John Hancock Mutual Life Insurance v. Cover

Messmore, District Judge.

This is an appeal from a decree of the district court for Dawson county denying a moratory stay and confirming the sale of lands under foreclosure proceedings.

There are 587 acres of land involved in this proceeding, unirrigated, but good land and with good improvements *428thereon. On the date of confirmation there were valid and existing liens against the land amounting to $104,998.54. At the sale appellee insurance company originally bid the sum of $36,827.93. Its first mortgage lien with interest thereon was in the sum of $55,012.60, which latter sum it later bid for .said land and which was the last and best bid therefor, amounting to $93.63 an acre.

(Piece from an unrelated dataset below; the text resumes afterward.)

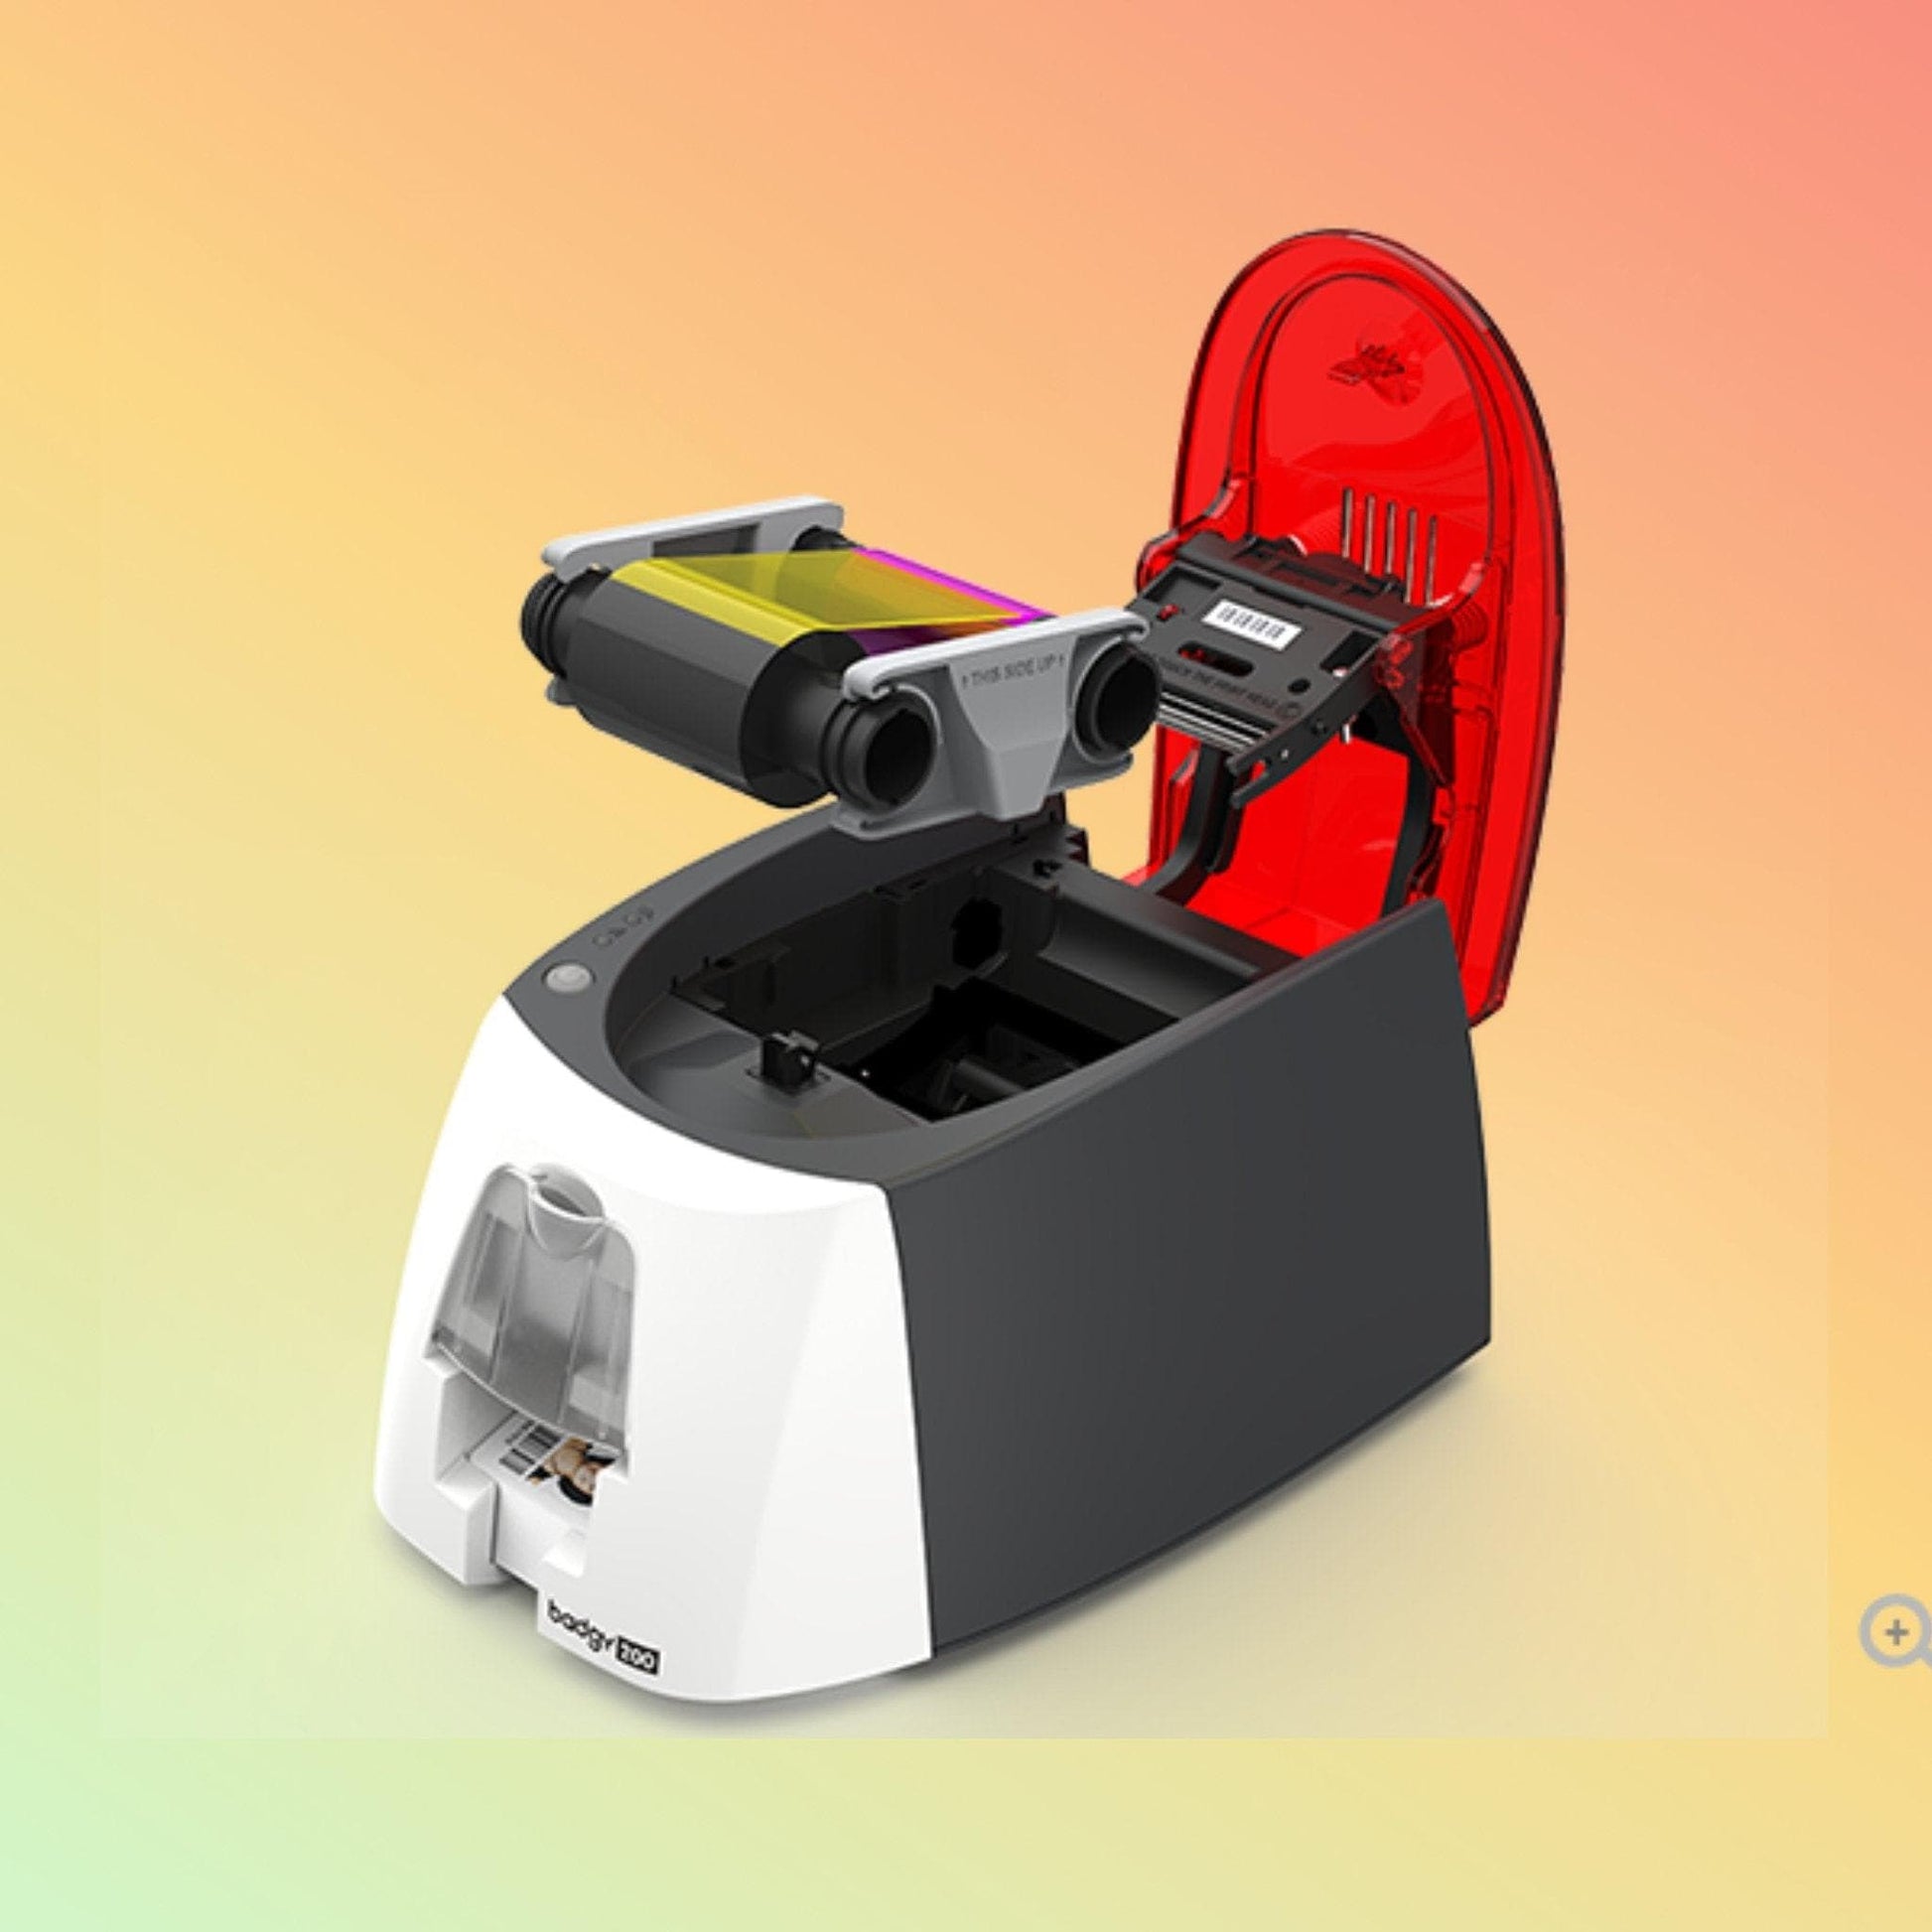 Idcard Printer - Evolis Badgy 200 Printer USB-B22U0000RS - Neotech

It is proper for the trial court to take into consideration all liens against the property, including unpaid taxes, in determining whether or not defendant had any equity in such land above the liens. Willson v. Quein, 131 Neb. 615, 269 N. W. 121.

The evidence discloses that appellant and his son fix the value of the land at $100 an acre; other witnesses for appellant fix it at $75 an acre, while still others fix it at prices ranging from $43,000 to $46,960 for the whole tract. Some of appellee insurance company’s witnesses fix it at $60 an acre. It will thus be noted that, with the exception of appellant’s evidence and that of his son, the value of the land as fixed by disinterested witnesses for both parties is much less than the bid of appellee insurance company, and in such case, when it appears that the applicant for a moratory stay has no equity in the land and the amount of mortgage indebtedness exceeds the value of the land, it is not an abuse of discretion on the part of the trial court to deny the application. Clark v. Hass, 129 Neb. 112, 260 N. W. 792; Srajhans v. Mares, 130 Neb. 924, 267 N. W. 82. In the latter case this court held:

“When it appears from the evidence that the amount of the mortgage liens on the land exceeds its value, a moratory stay * * * must be denied.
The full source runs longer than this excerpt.